KENAI (AP) -- Forcenergy Inc. has finished driving the pilings that hold its new Osprey platform in place.
The Miami-based company hopes to begin drilling in Cook Inlet by the end of October and have the first exploratory well completed by early next year.
''Now, we're hooking up the quarters and power,'' said Gary Carlson, vice president for Alaska operations. He said the company is waiting for the drilling rig to be trucked to Anchorage and loaded.
Nabors Alaska Drilling Inc. is bringing its Rig 429 from the North Slope to Osprey. Carlson said it will take about a month to bring the pieces and set them up to drill.

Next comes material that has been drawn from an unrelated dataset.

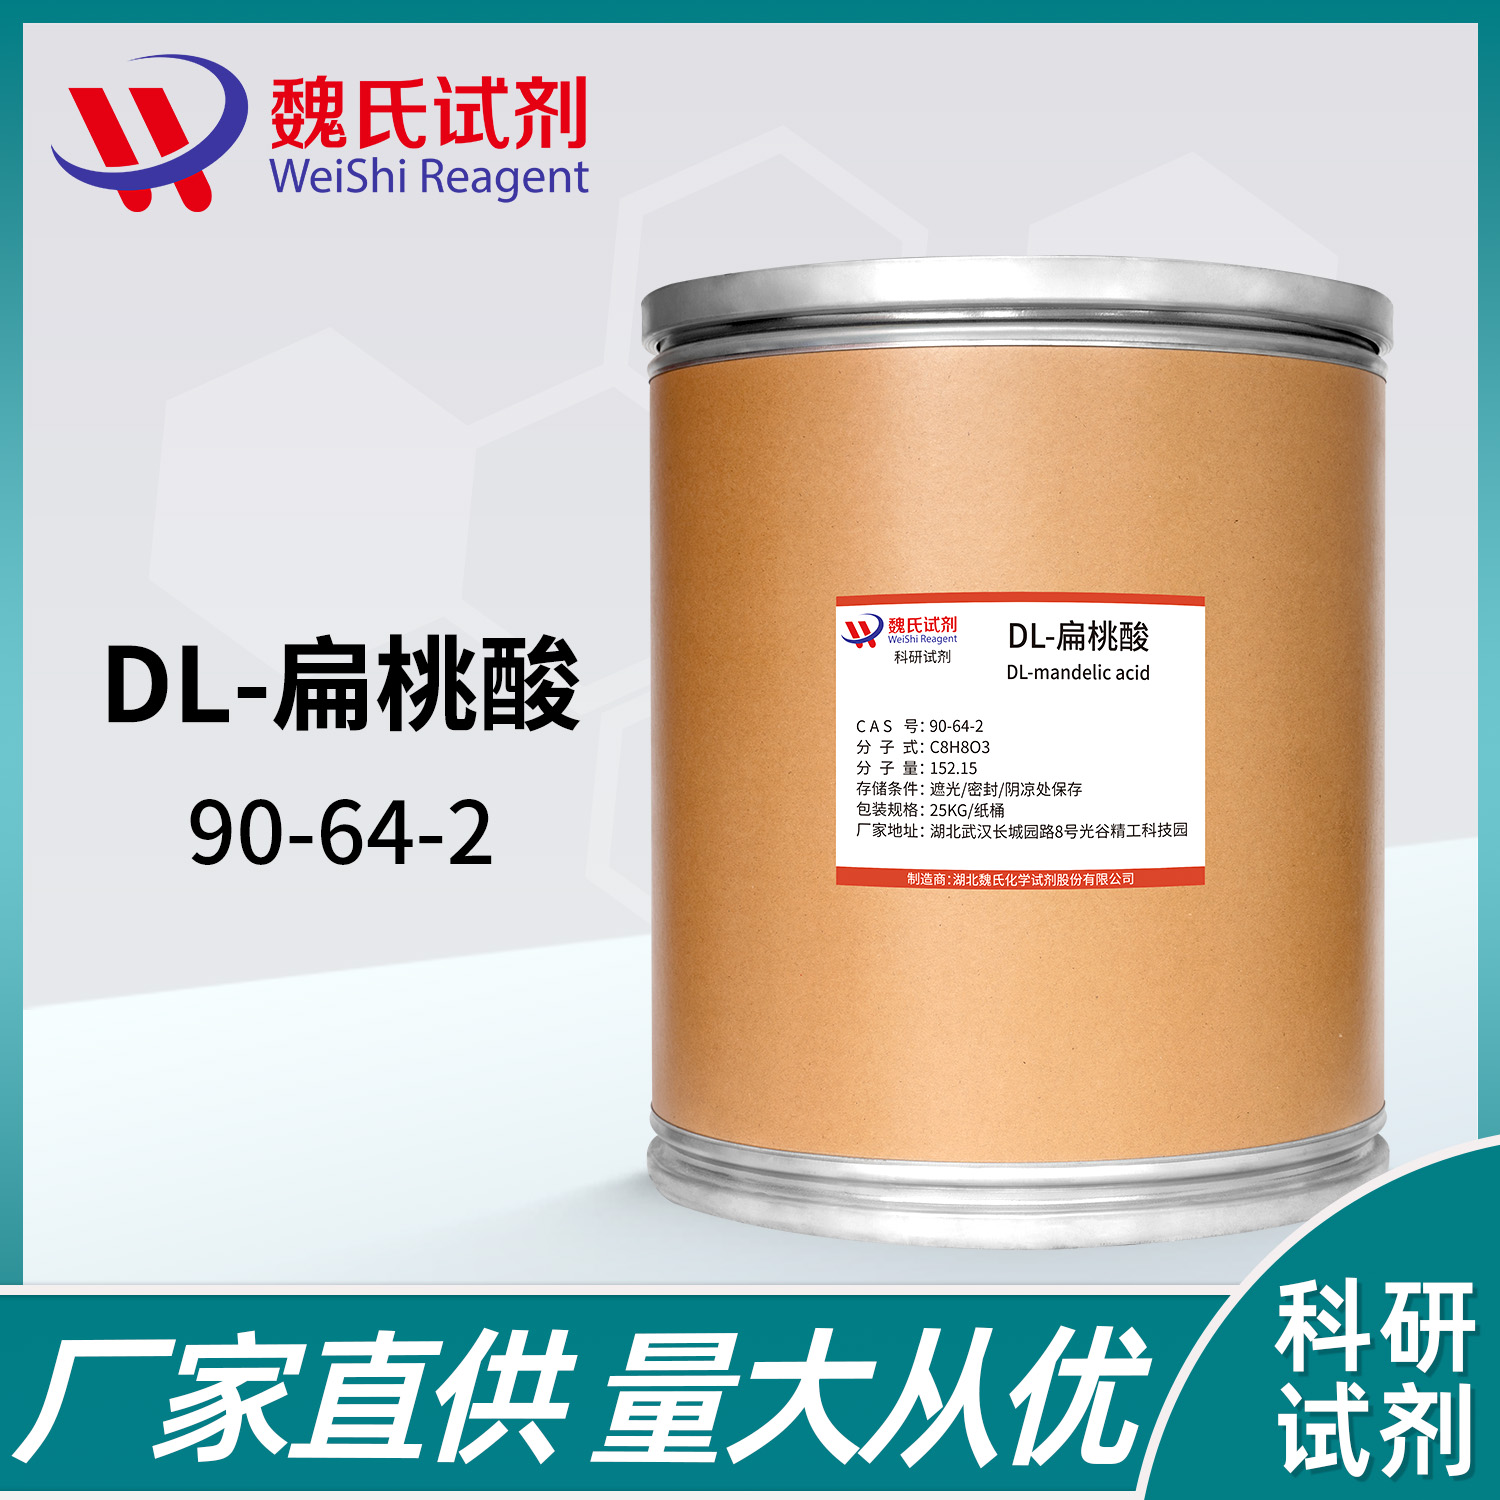 DL-扁桃酸；苦杏仁酸

Cook Inlet oil companies previously used a jack-up or floating rig to explore for oil and gas, then removed the equipment to build a production platform.
Forcenergy officials, however, took a different approach to explore the Redoubt Shoal prospect near West Foreland. Instead of importing a jack-up rig, they designed Osprey as an exploratory platform.

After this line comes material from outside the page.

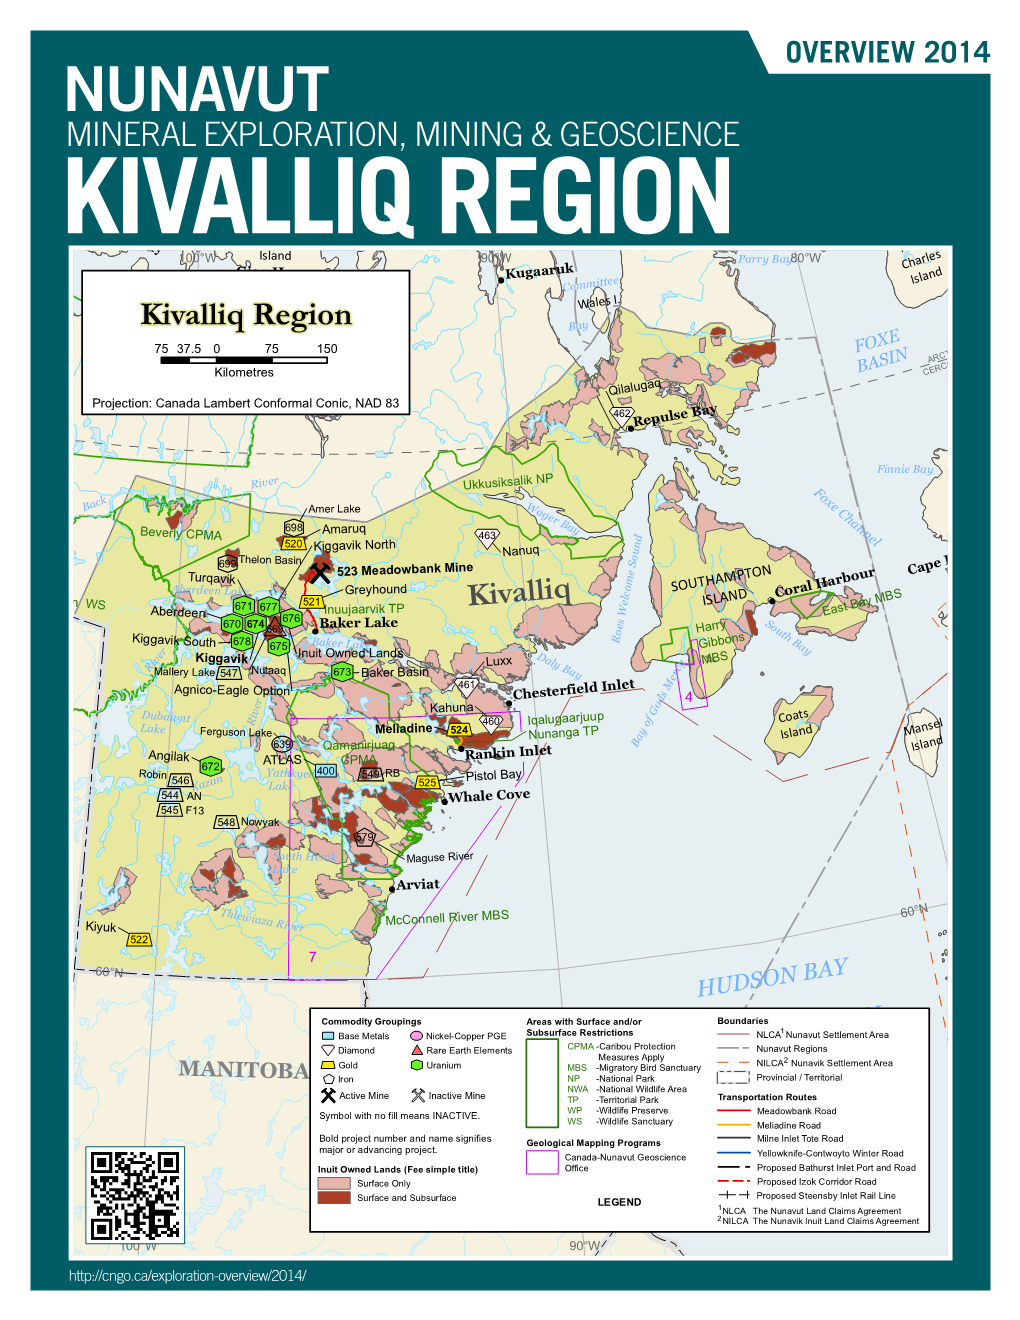 Kivalliq Region

If the exploratory wells find sufficient oil and gas, Forcenergy will convert Osprey for production. If they fail, Forcenergy will move Osprey to another exploration site.

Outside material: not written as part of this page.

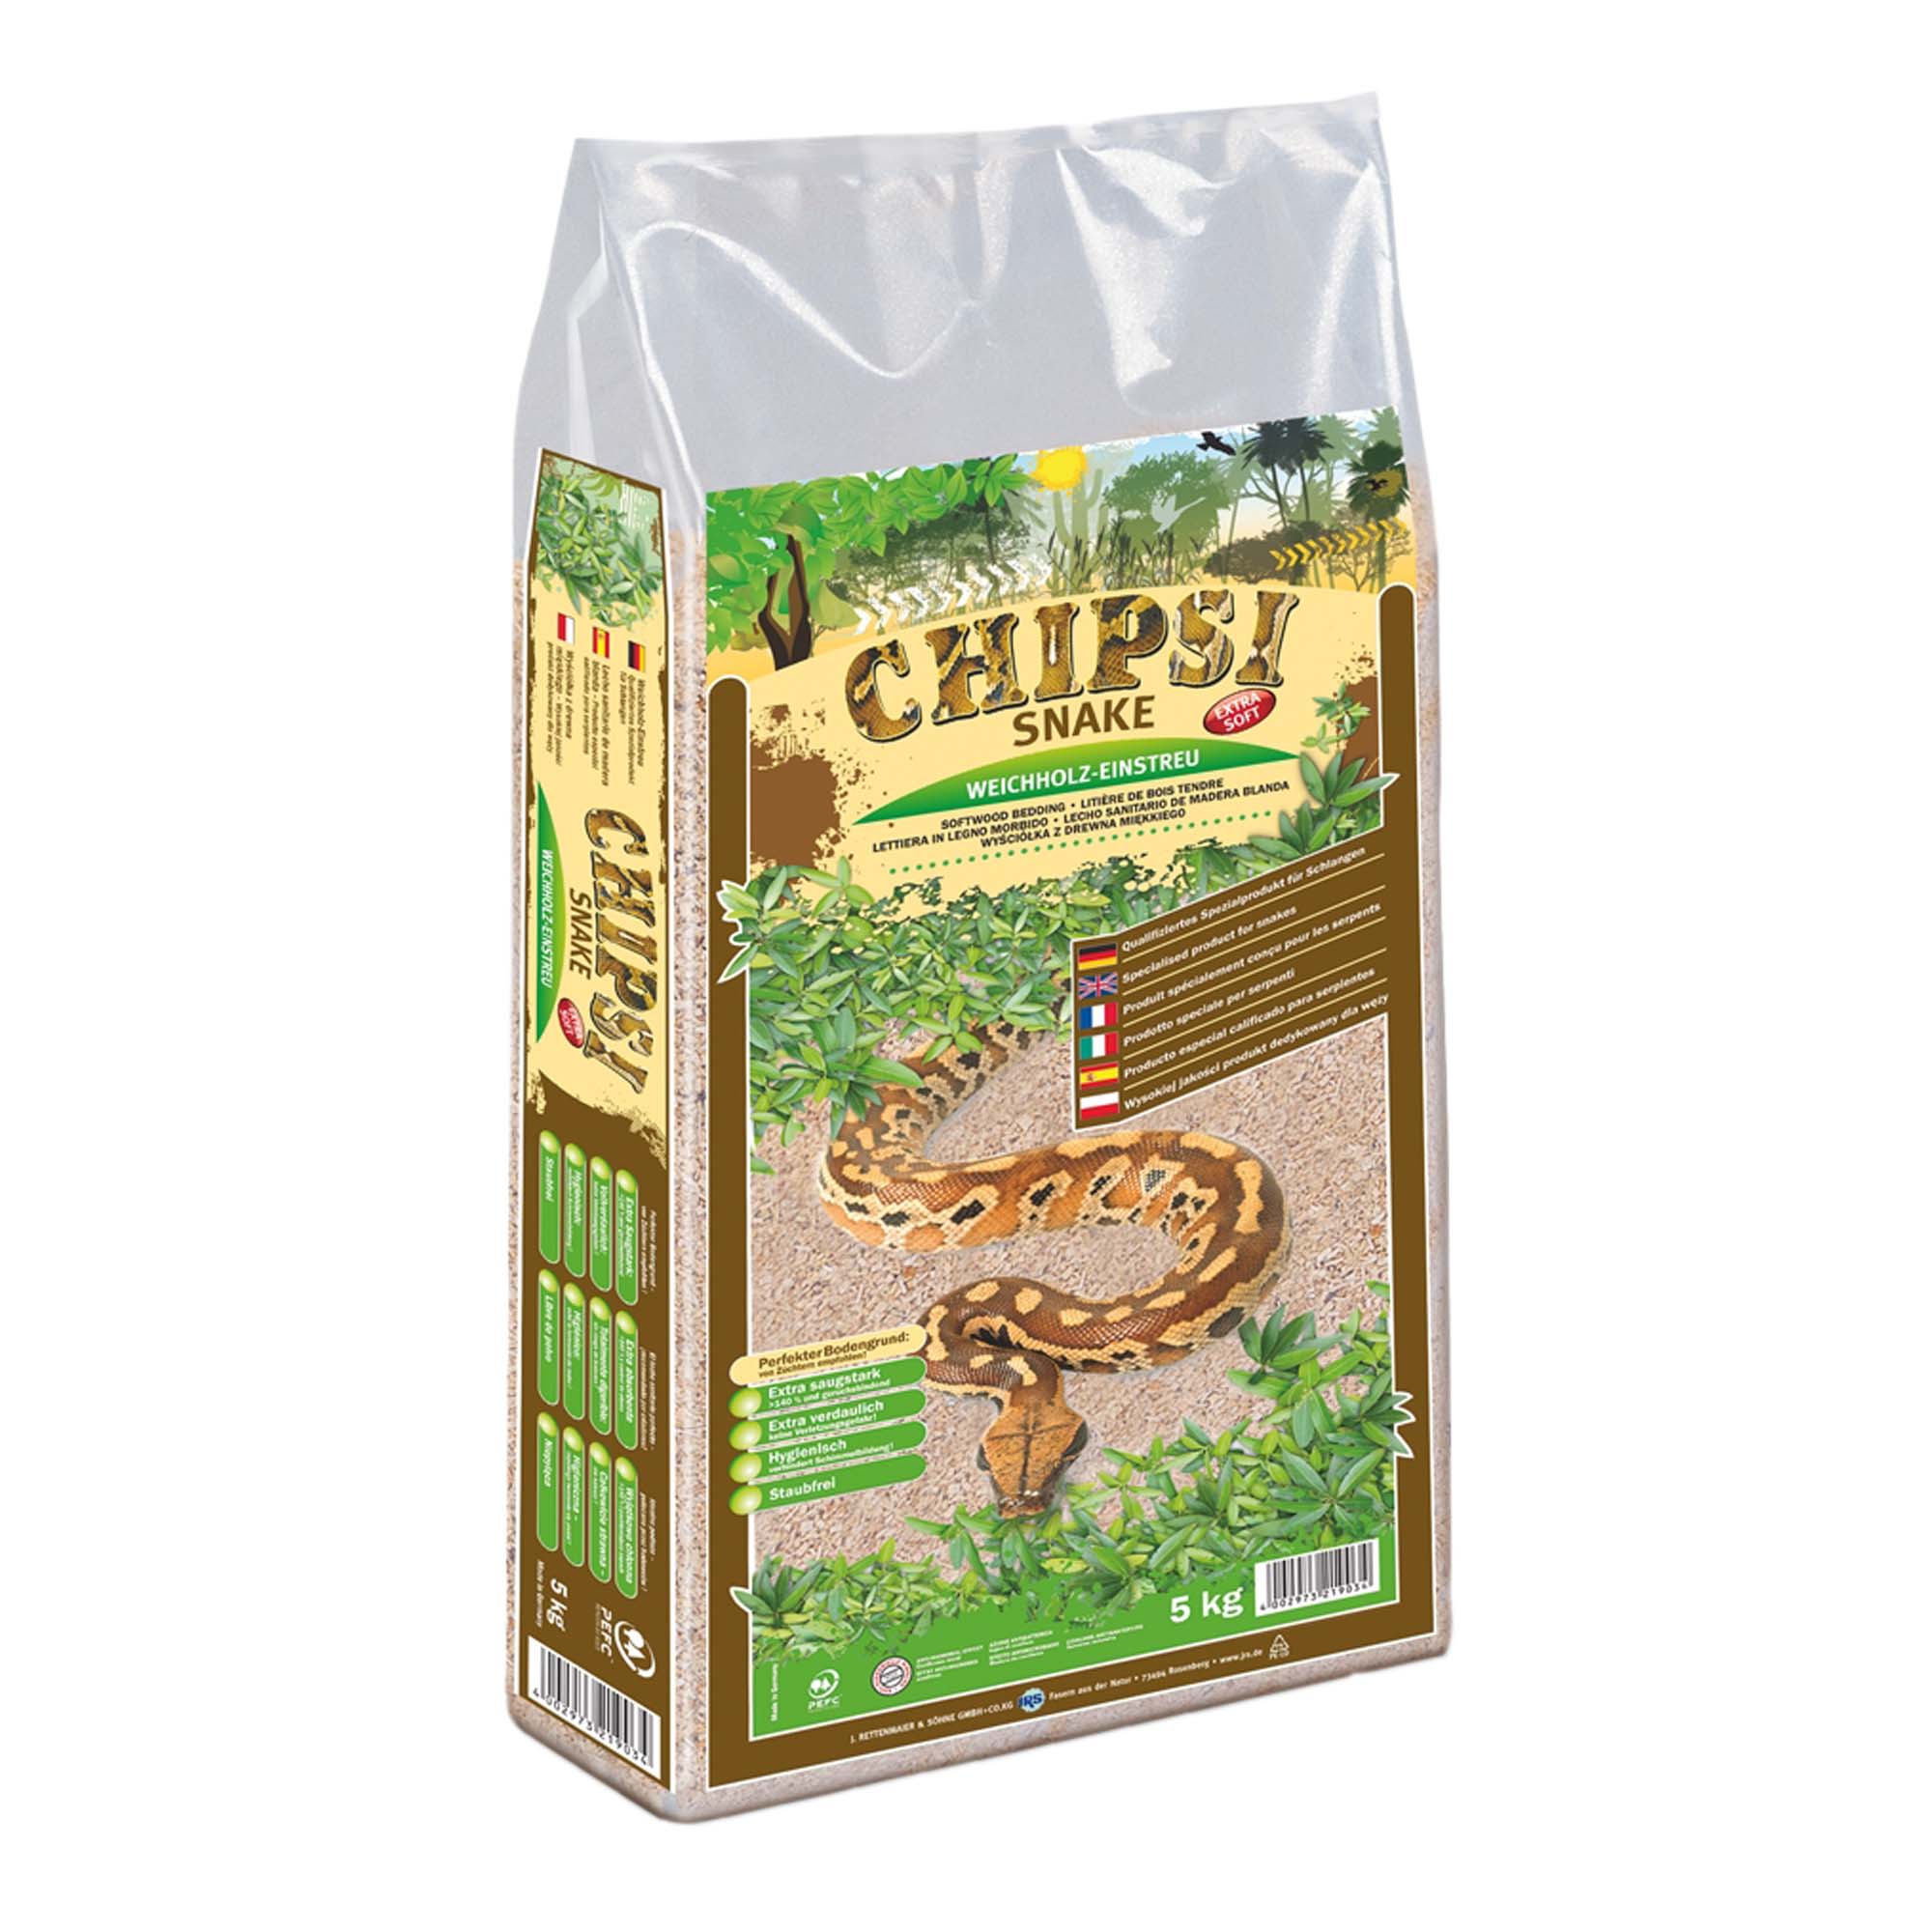 Chipsi snake bedding 5kg

Carlson said Forcenergy has spent about $33.8 million on Osprey so far. Osprey is the first new platform installed on Cook Inlet since 1986.
Forcenergy permit applications to the U.S. Environmental Protection Agency suggest Redoubt Shoal could produce up to 25,000 barrels of oil and 4.3 million cubic feet of natural gas per day. That could nearly double the inlet's present oil production of roughly 32,000 barrels per day.
The first exploratory well, which is expected to cost about $5.5 million, will extend about 15,500 feet from the platform. It will reach not only down, but also about 6,000 feet to the side to find the hoped-for oil. It probably will be done by late January, Carlson said.